Proper Use of Check Constraints and Enums
Something that comes up from time to time is the proper use of Oracle column check constraints or MySQL enum type columns. Typically the question is when it’s appropriate to use those features to enforce data integrity as opposed to having foreign keys to a lookup table.
For example, here is a table that uses MySQL enumeration values to enforce that the the log message level is either “debug”, “warning”, or “error”:
CREATE TABLE log_messages
(id INTEGER NOT NULL
,message_level ENUM(‘debug’, ‘warning’, ‘error’)
,message VARCHAR(255)
,create_ts TIMESTAMP default sysdate() NOT NULL
,update_ts TIMESTAMP)
The first consideration is whether the enumeration of message types is locked down to those three for the lifetime of the application.

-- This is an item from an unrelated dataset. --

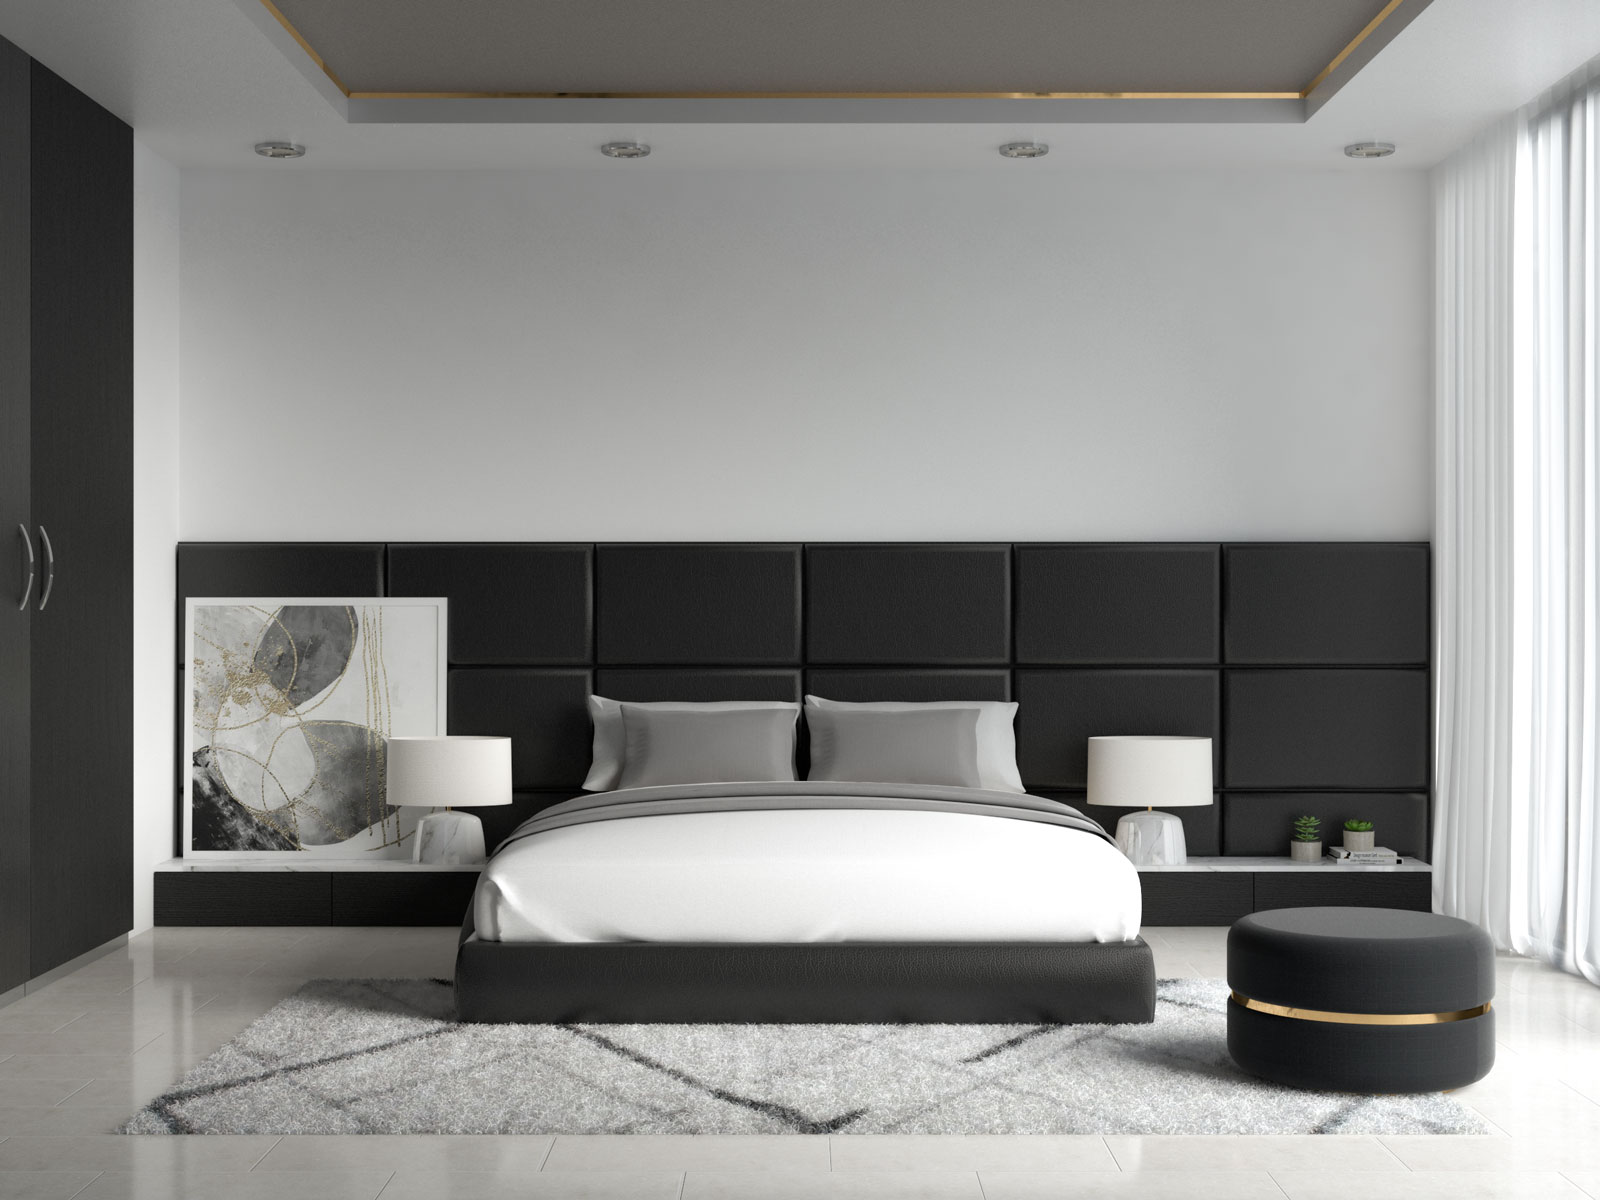 White and gray bedding inside black bedroom

In the above case, that seems perfectly within the bounds of solid design practices. There might be one or two conceivable states added, but that’s what keeps developers and DBAs employed. On the other hand, if the list of types will grow gradually there’s a problem, as in the below table:
CREATE TABLE log_messages
(id INTEGER NOT NULL
,message_level ENUM(‘debug’, ‘warning’, ‘error’)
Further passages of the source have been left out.